組織論の権威ヘンリー・ミンツバーグ教授や
リーダーシップ論の権威J・P・コッター教授の実証研究の結果では、
「忙しいから絵が描けない(頭の整理ができない)のではなく、
絵が描けていないから仕事に振り回されて忙しくなっている」
ということが言われています。
頭の整理ができている人は一見忙しそうに見えても、
やるべきことを的確に判断し、無駄な仕事をしていない、ということです。
■組織の二つの方向性
では、右上の仕事が生じた時、社員の皆さんはどうされているでしょうか?
周囲の人を説得してでも実現に向けてアクションを起こすものでしょうか?
それとも、左側に集中する文化でしょうか?
そもそも右上の仕事ってどれほど持たせることができているでしょうか?
ここを考える上で、「組織には二つの方向性の進化がある」ことを共有しておきたいと思います。
それは「安定」と「変革」です。
人が二人になれば立派な組織となります。
「意思統一」をし、同じ目的に向かって役割分担をして実現していく営みが必要になります。

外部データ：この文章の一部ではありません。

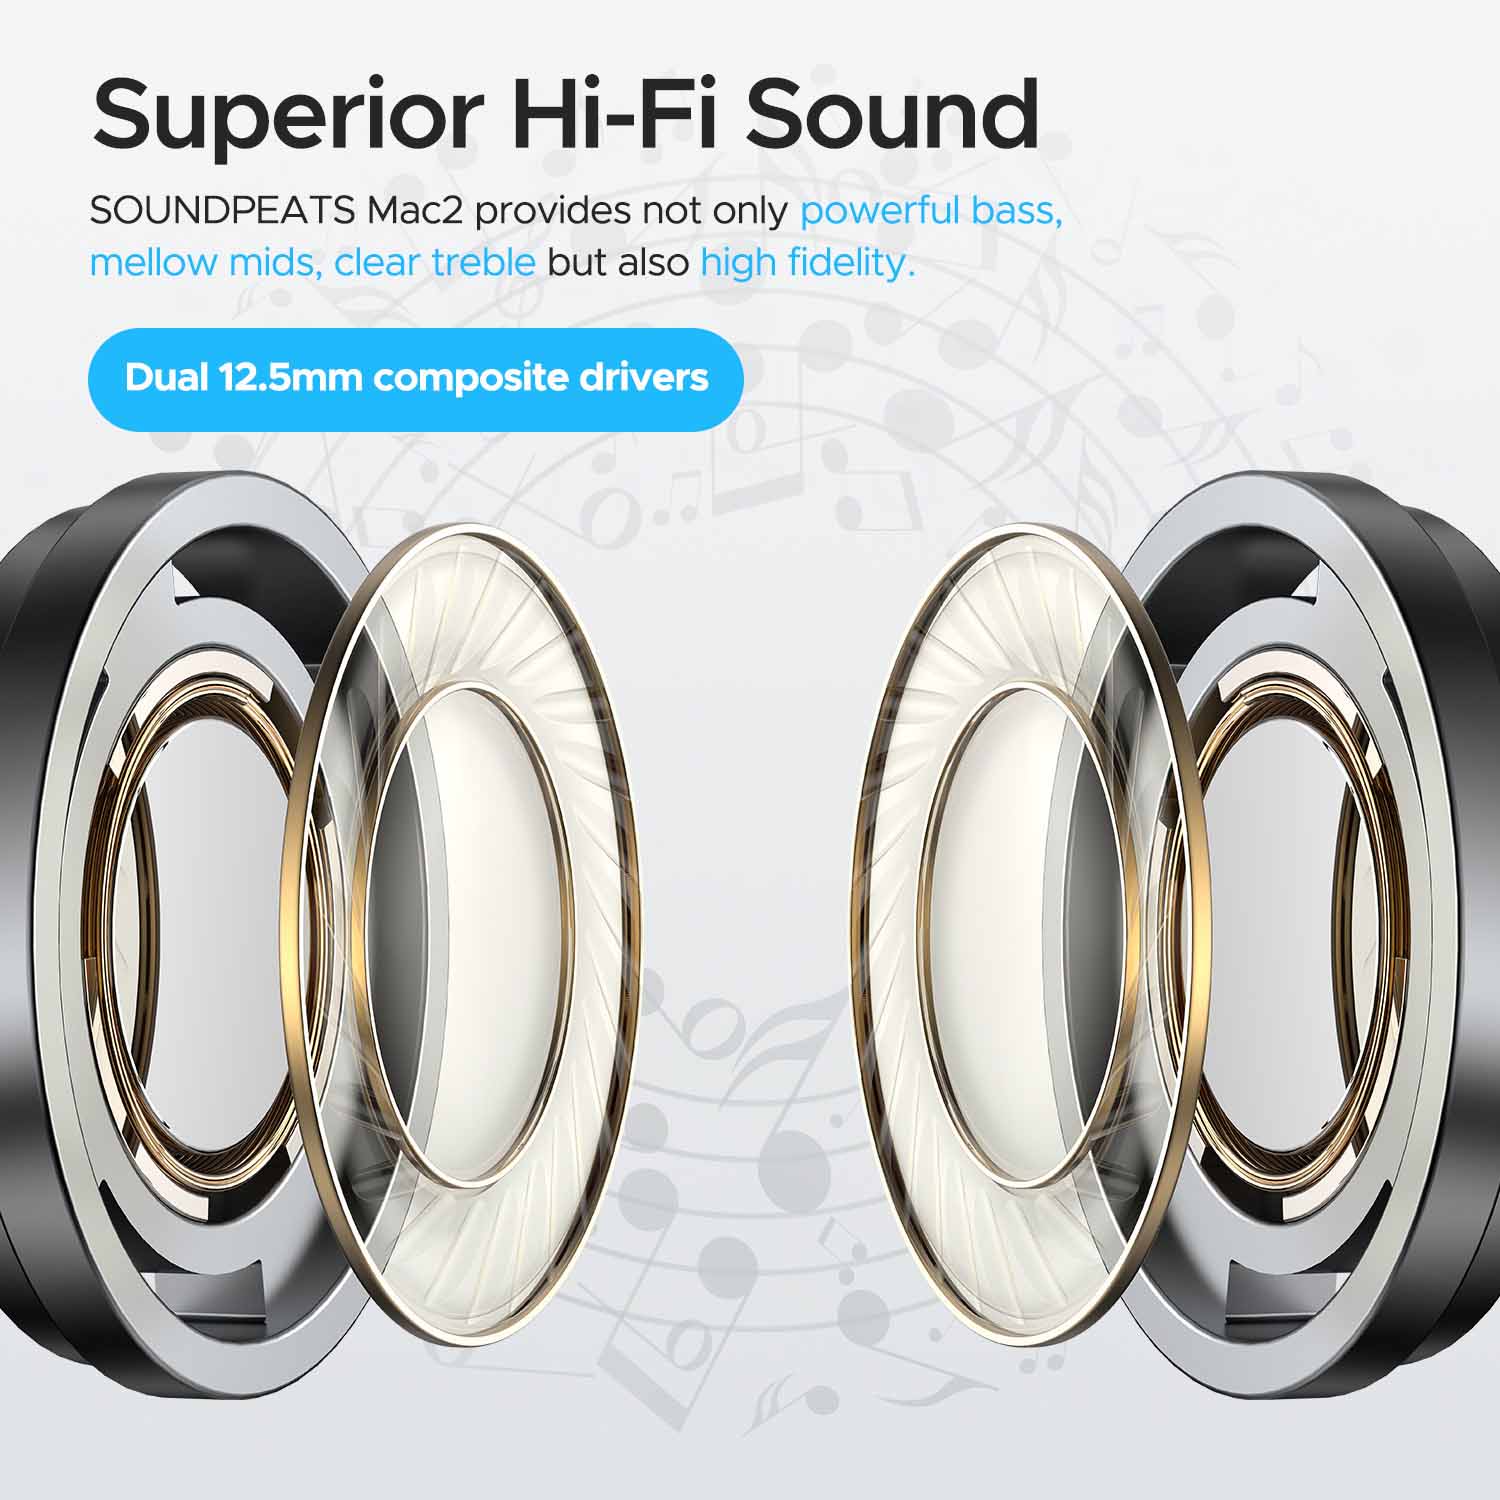 SoundPEATS Mac 2 True Wireless Earbuds 3 1

そこから、人が増え、扱う案件が複雑かつ巨大になっていくと、
仕組みがなくては良いアウトプットを生み出せなくなります。
そこで、各人の役割を明確にし、作業手順を整備し、
誰もが同じような成果を出せるように環境を整えていくことになります。
これが「安定」の方向となります。
一方で「変革」とは、新たな環境で新たな価値を生み出せるように既存の仕組みを破壊し、
再構築する方向性のことです。
もう既に想像がつくかもしれません、
「安定」と「変革」は反対方向の動きであり、
「安定」が高まると「変革」は難しくなり、「変革」を起こすと「安定」は失われることになります。
組織活動はこの繰り返しが必要になりますし、
マネジメント層には、この「安定」と「変革」を使い分ける腕前が求められます。
しかし、この二つの方向性を自覚し、大きな流れを俯瞰できていないと、
「安定」の流れの中に安住したり、「変革」ばかりで疲れてしまうということが生じてしまいます。
これについて組織の中の事例で考えてみましょう。
「安定」の腕前を発揮してポジションを築いてきた管理職は、
そもそも「変革」という志向性を持ち合わせていない場合があります。
「変革」が求められる環境下にあっても、組織を守るために、
リスク回避を優先し、必死に挑戦の芽を摘んでいる場合もあります。
また、家庭を持ち、住宅ローンが残っていると、
頭では「変革」の必要性を理解していながらも、
その経験も腕前もない状態では怖くて挑戦できないというのが人間の性質です。
更には、マネジャー手前の担当者であっても、
時間的・金銭的に報われないイメージや人との関わりの億劫さから
「マネジャーになりたくない」というケースも最近は増えています。
この「安定」を志向するマインド・境遇にいる社員が主流になってしまうと、
組織の「安定」に向かう慣性は強くなり、
組織に属する一個人で「変革」を推進することは難しくなっていきます。
変化の激しい時代となり、「変革」を意図的にどう起こしていくか、
「変革」を起こせる人物をどう育んでいくか、ということが多くの企業で経営課題になっています。
(続く)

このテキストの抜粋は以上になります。